Molecular mechanisms underlying sex-specific epigenetic differences

Generally, much of the underlying epigenetic changes involve direct modifications to chromatin structure that can make access to gene loci more difficult for DNA transcriptase and other vital transcriptional elements. Ultimately, modifications to these histone proteins will regulate how accessible relevant DNA strands will be. Methylation and acetylation of these histone proteins are well-observed mechanisms involved in these regulatory processes16. In addition to epigenetic changes affecting accessibility of individual loci, we now know that entire chromosomes can be inactivated epigenitically by methylation and acetylation. Epigenetic processes in women lead to an inactivation of one X chromosome and the formation of Barr bodies, though regularly around 10–25% percent of those genes will escape. Because about 10% of the expressed micro-RNAs (mi-RNAs) in the human body is due to genetic expression originating from an X chromosome, there is a possibility that the expression of miRNA is epigenetically controlled17.

Sex-based epigenetic differences and pathophysiology implications

Sex-based epigenetic differences have important implications in understanding the physiological differences between the sexes, as well as the differential pathophysiology of a variety of diseases. For example, researchers have found that a key gene, cyclin-dependent kinase 5 (cdk5), that is expressed in the accumbens nucleus, had higher methylation patterns in male versus female mice, which was found to correlate with increased epigenetic activation leading to longer term memory retrieval in the male versus female mice. Additionally, female mice were found to have attenuated fear memory retrieval with targeted histone acetylation of the cdk5 promoter gene. As one can imagine, this discovery has immediate implications for research concerning medical therapy for post-traumatic stress disorder (PTSD) victims18.

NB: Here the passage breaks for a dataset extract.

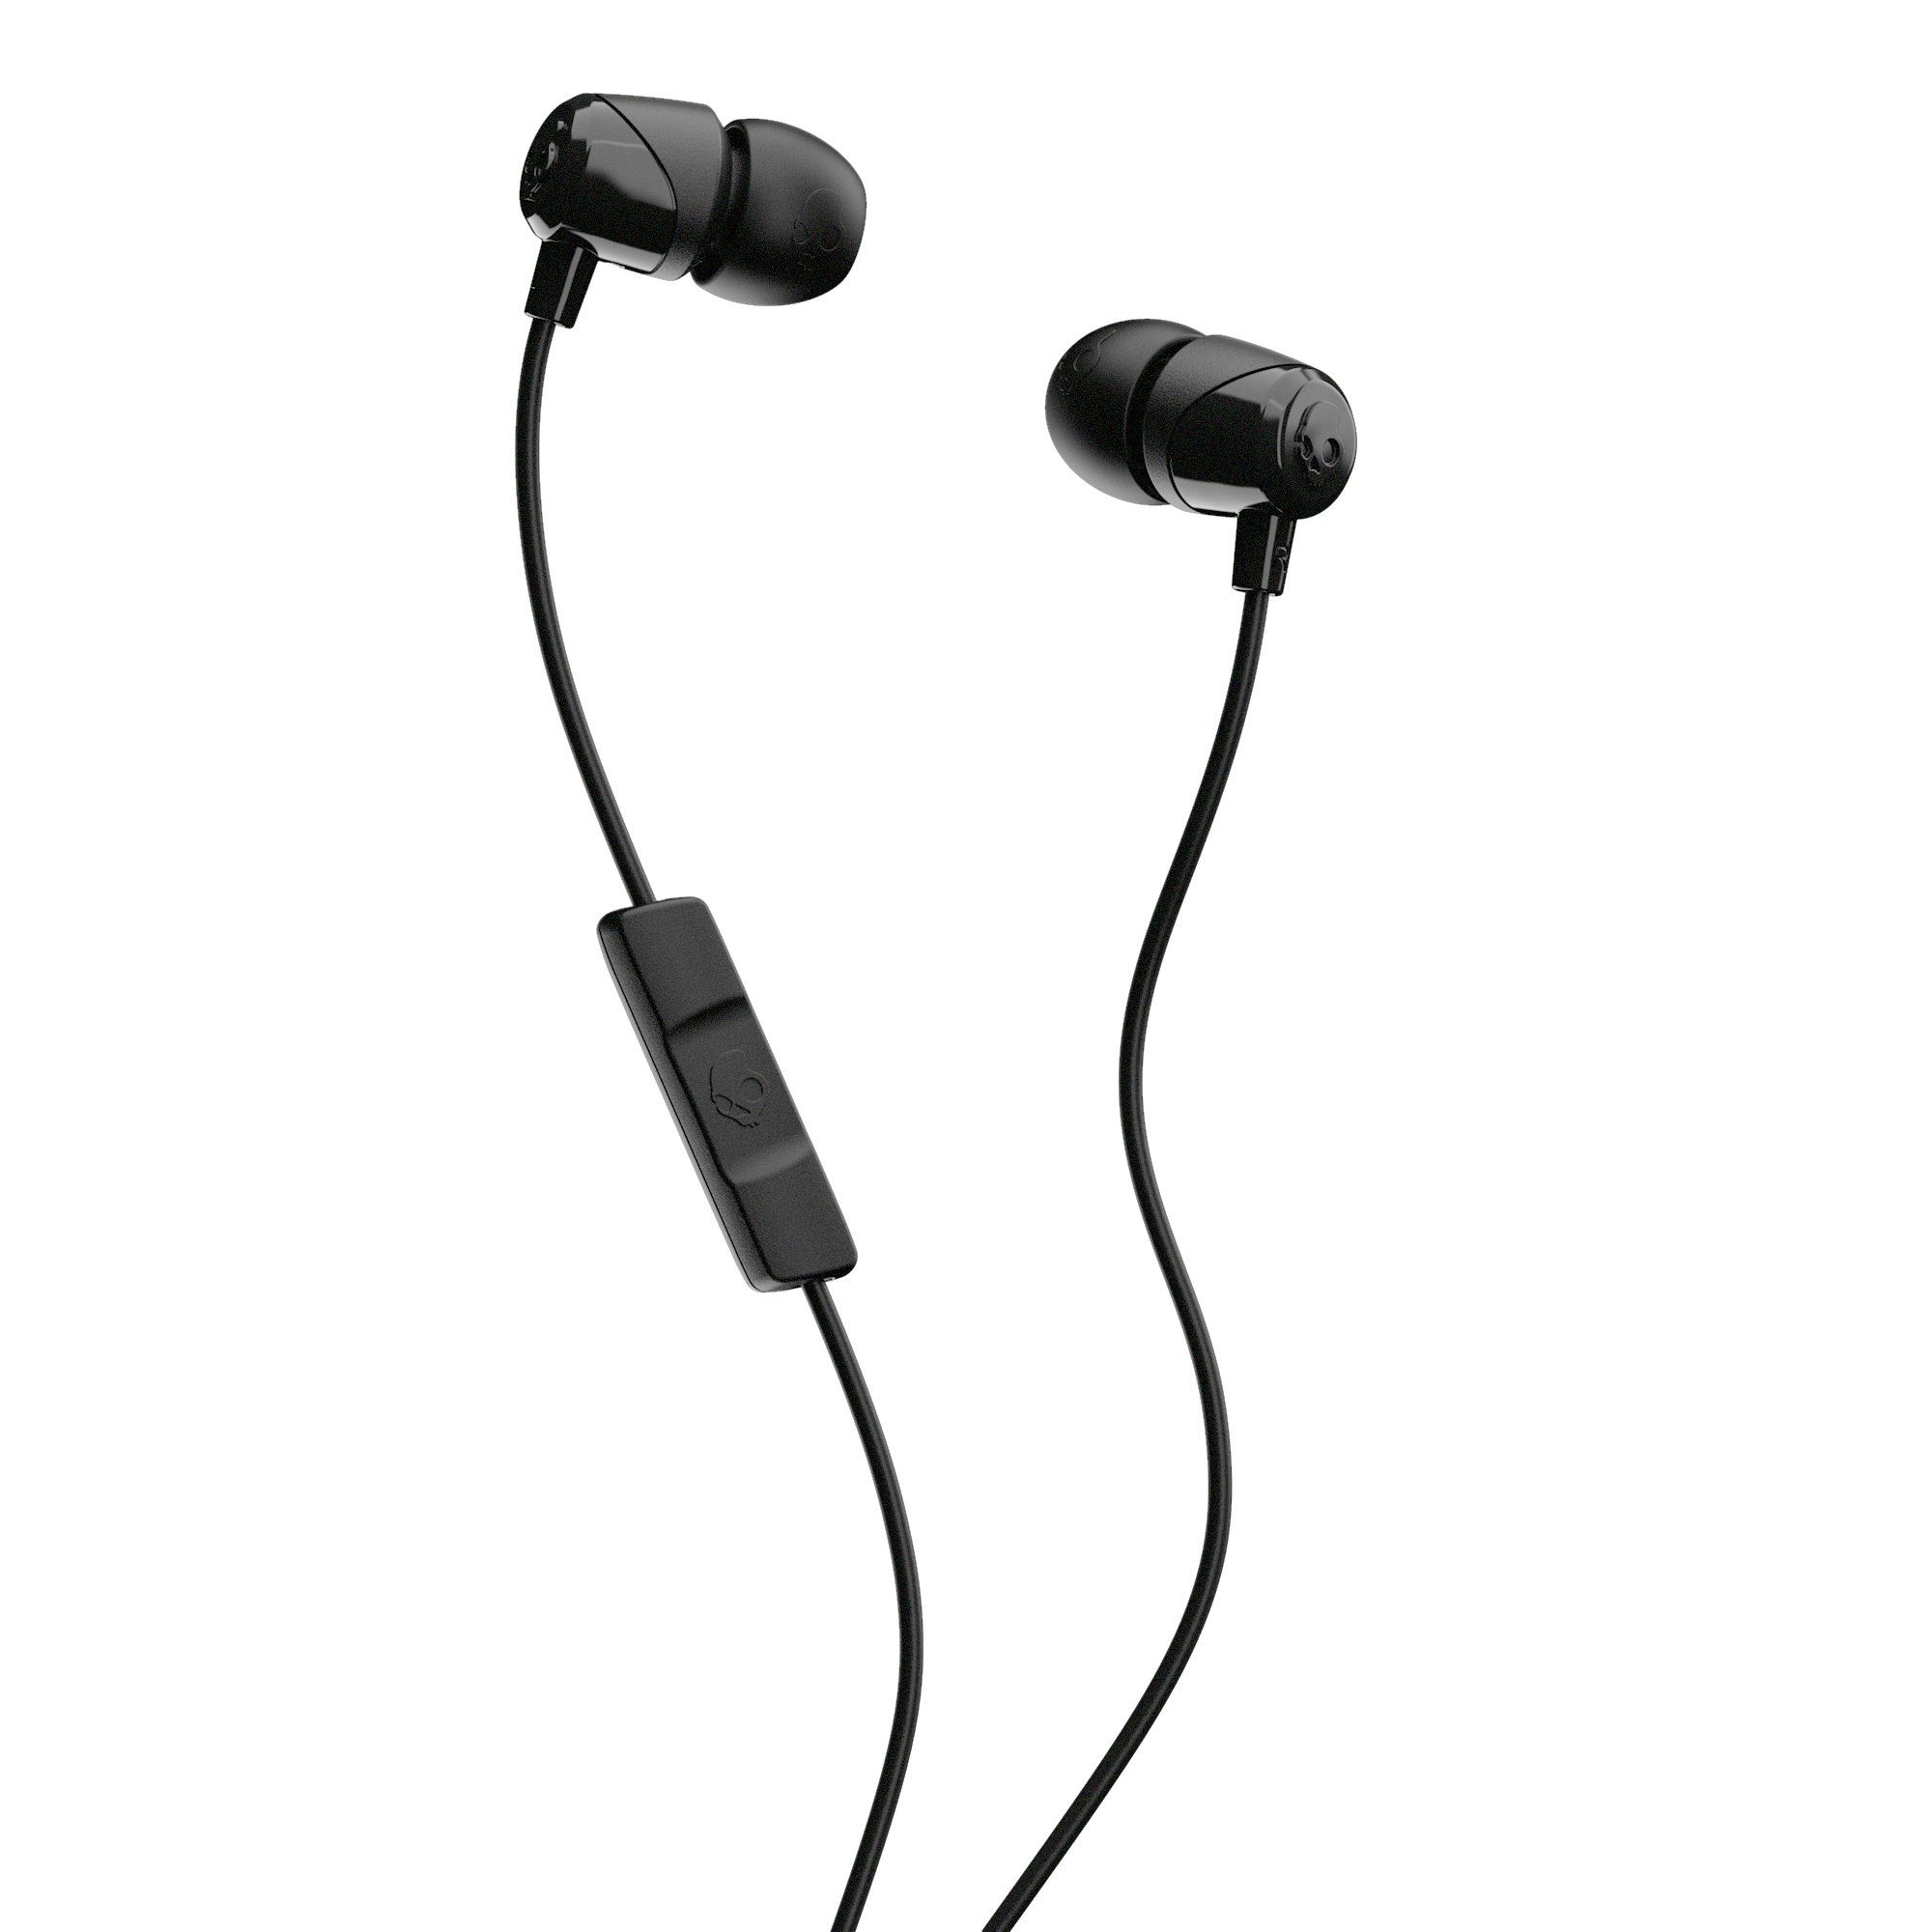 stabiles (Stilvolle Kabel!, und Supreme Schwarz W/MIC Kopfhörer!, JIB Sound-System!, Flexibles von Unterdrückung Skullcandy 1 In-Ear Umgebungslärm) Headset Passform!, IN-EAR In-Ear-Kopfhörer Komfortable

In addition to sex-based epigenetic differences accounting for certain psychological differences, there has also been some evidence of sex-based epigenetic differences playing a role in defining neurological susceptibility to disease19. We already know that there are phenotypic differences in cognitive function and performance in some specific tasks between men and women that is likely due to different sex-based methylation patterns in the pre-frontal cortex20. Multiple sclerosis (MS), a neurological disease, has been found to be an auto-immune disease more common in women than in men. This phenomenon is suspected to be influenced by the discovery of differential epigenetic markers between men and women21. One study found a reduction in the percentage of differentially-regulated genes from 10% between healthy men and women to 2% percent in the diseased population, illustrating that sex-specific epigenetic dysregulation may play a role in the pathology22.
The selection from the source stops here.